Aim of the task: Give back the data exactly, with no images.

Stored data:
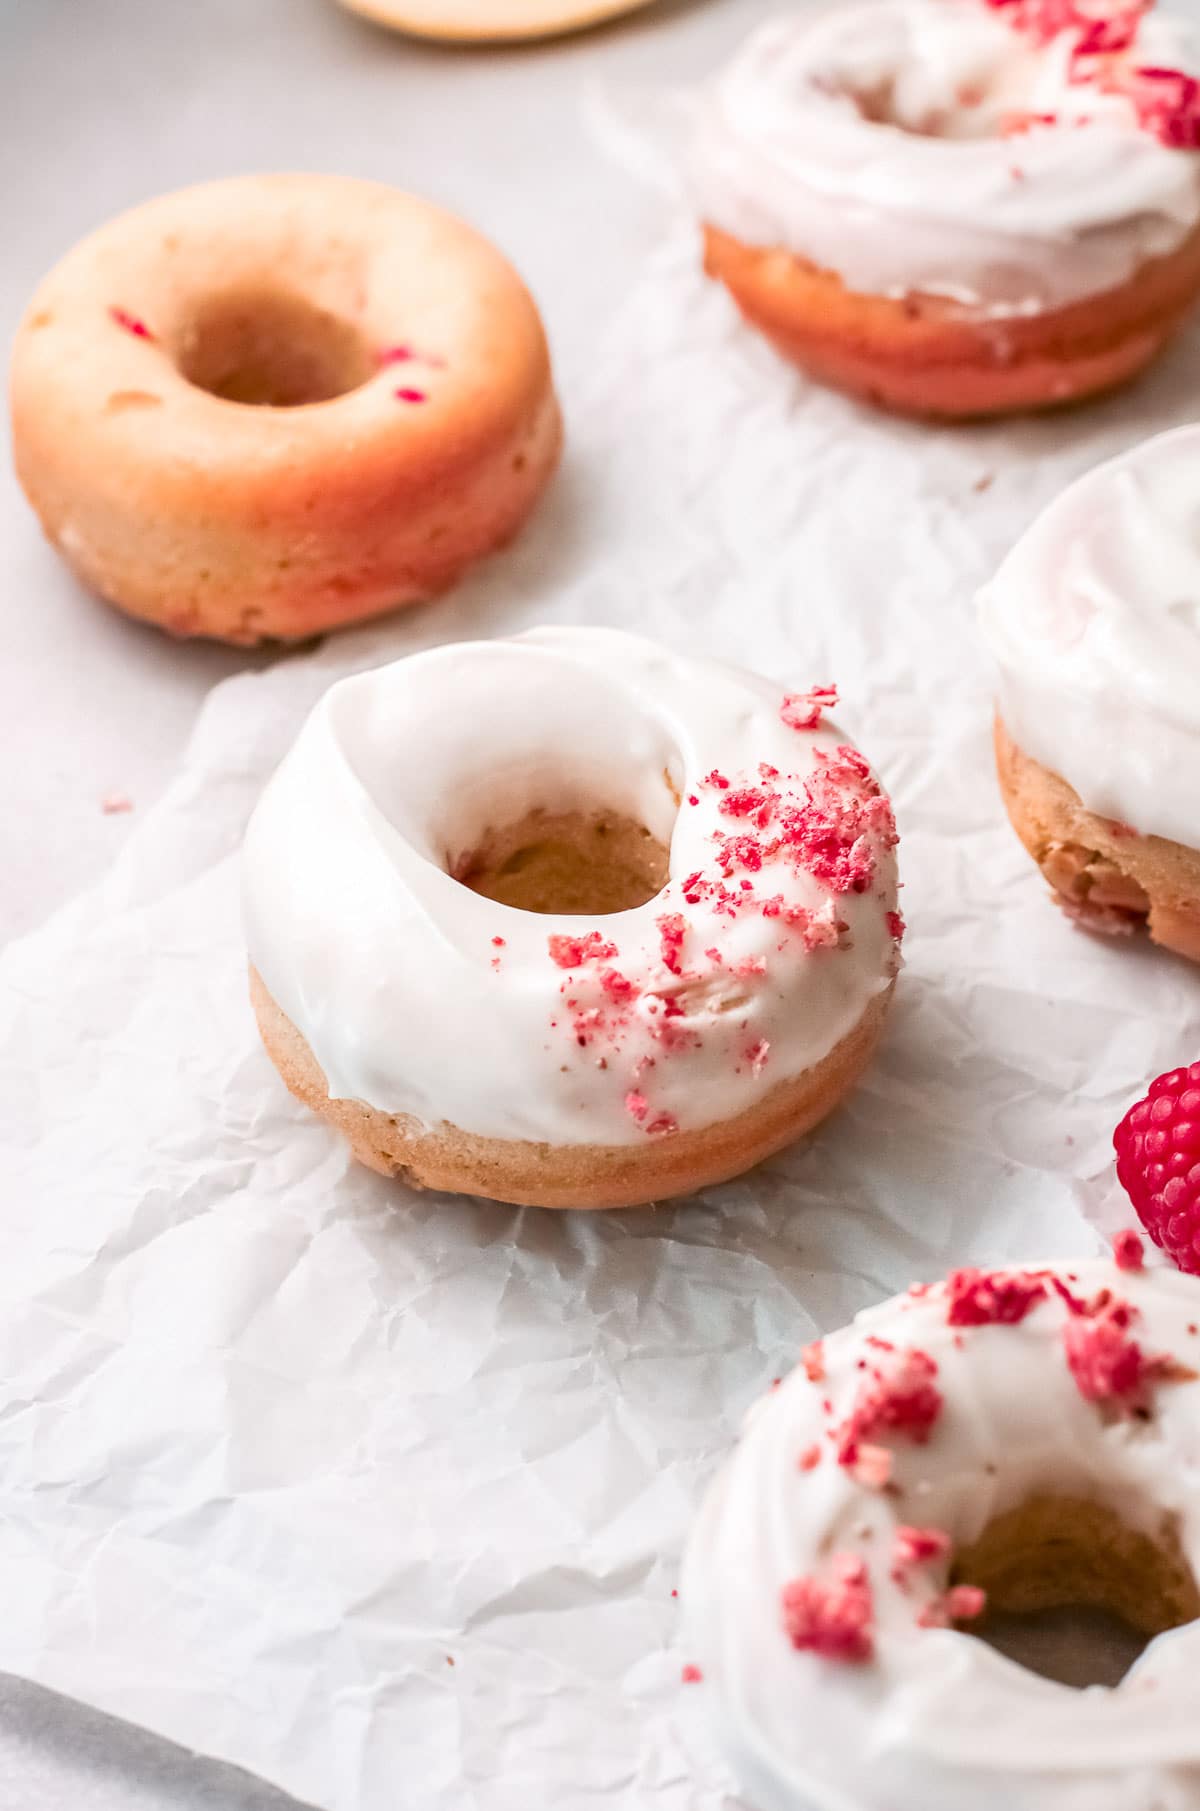 baked donuts glazed with freeze dried raspberry
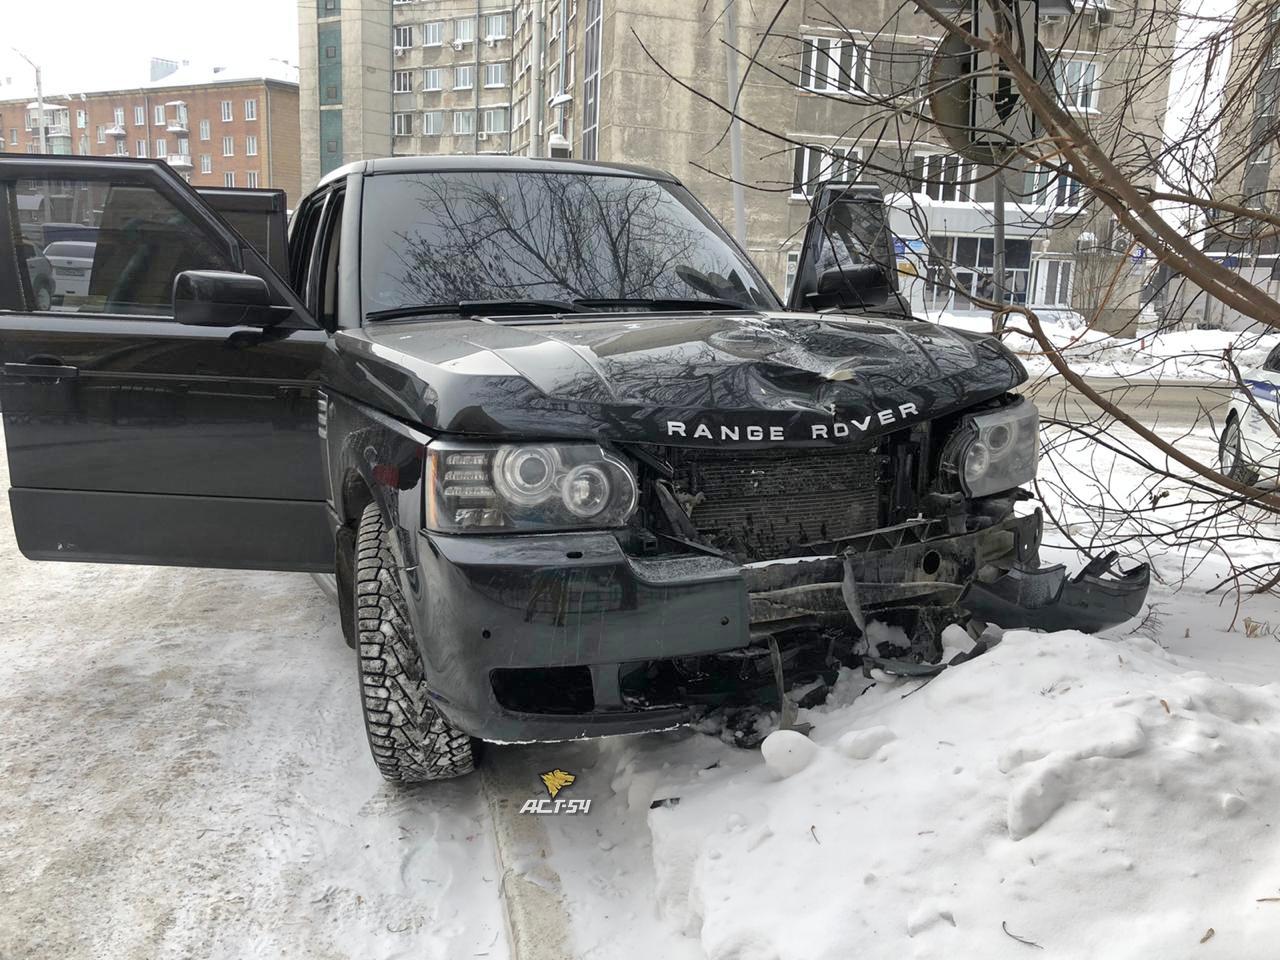 Фото «Сейчас угон заявит» и «Отмажут мажорика»: новосибирцы спорят о судьбе водителя Range Rover, сбившего насмерть женщину в Новосибирске 2
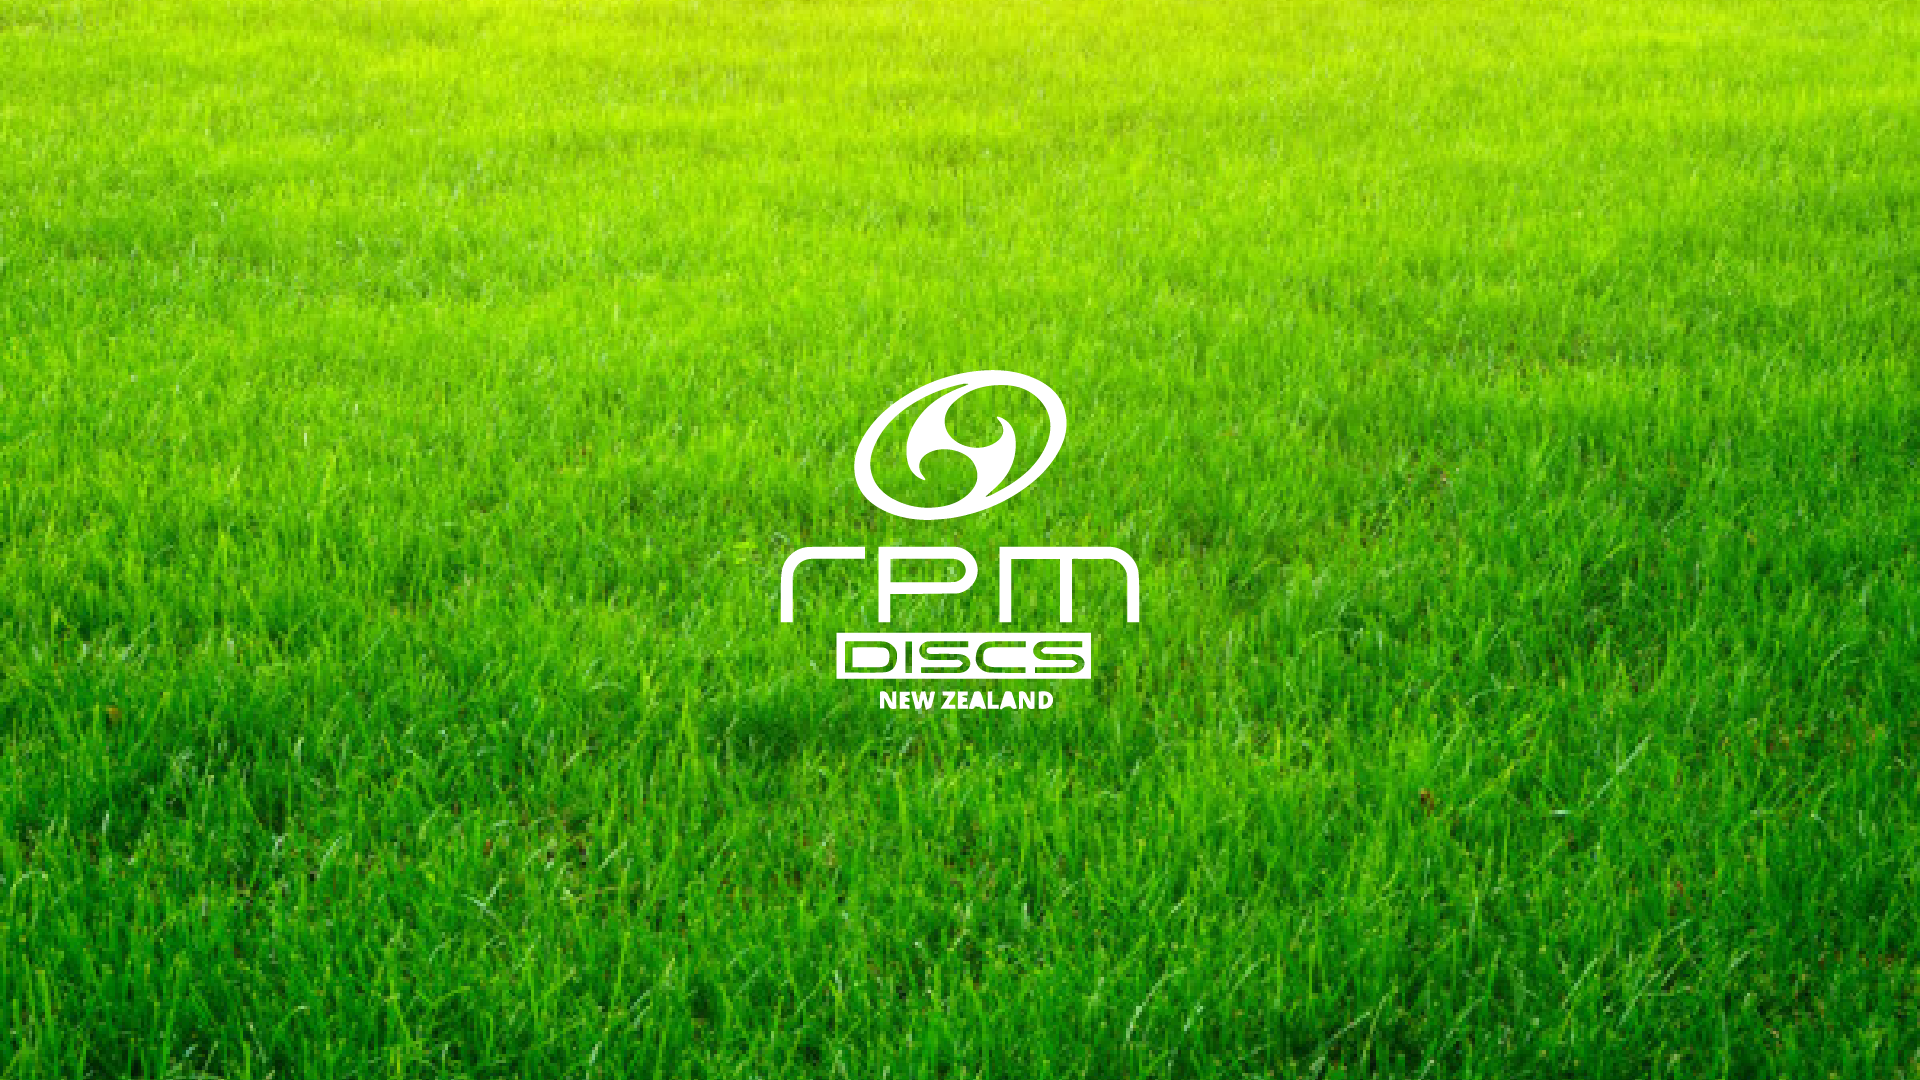 RPM Discs logo on green grass
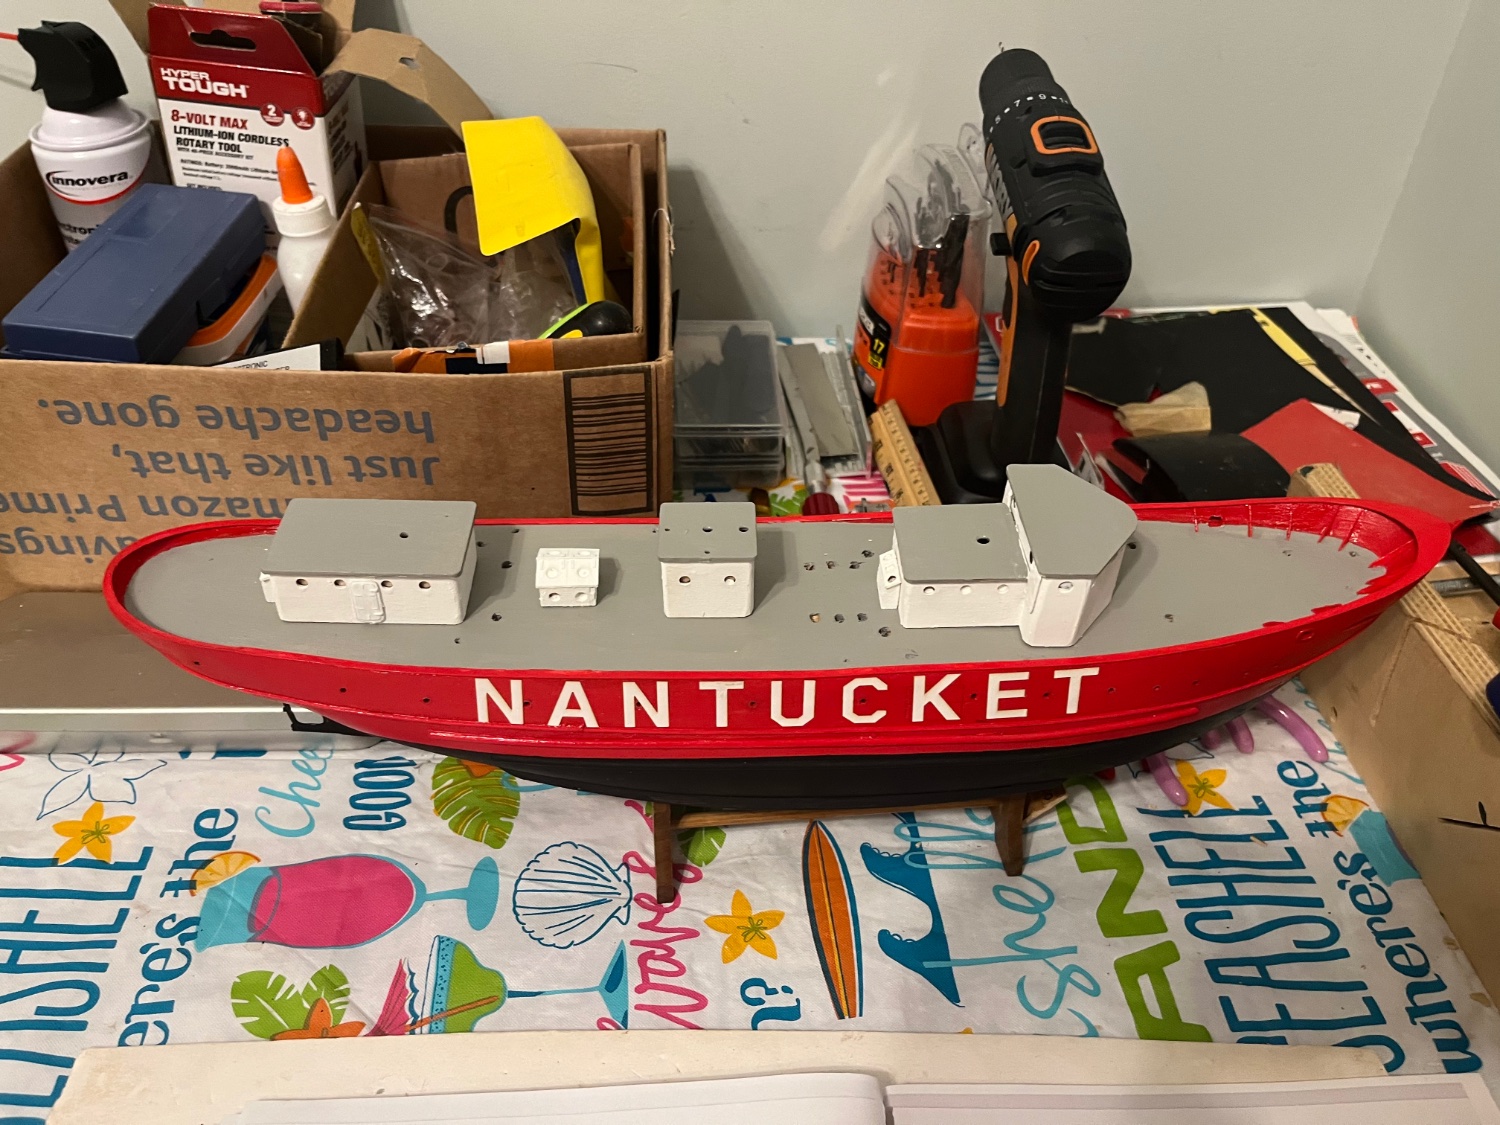 Bluejacket Nantucket Lightship

Written reply:
 baked donuts glazed with freeze dried raspberry
 Фото «Сейчас угон заявит» и «Отмажут мажорика»: новосибирцы спорят о судьбе водителя Range Rover, сбившего насмерть женщину в Новосибирске 2
 RPM Discs logo on green grass
 Bluejacket Nantucket Lightship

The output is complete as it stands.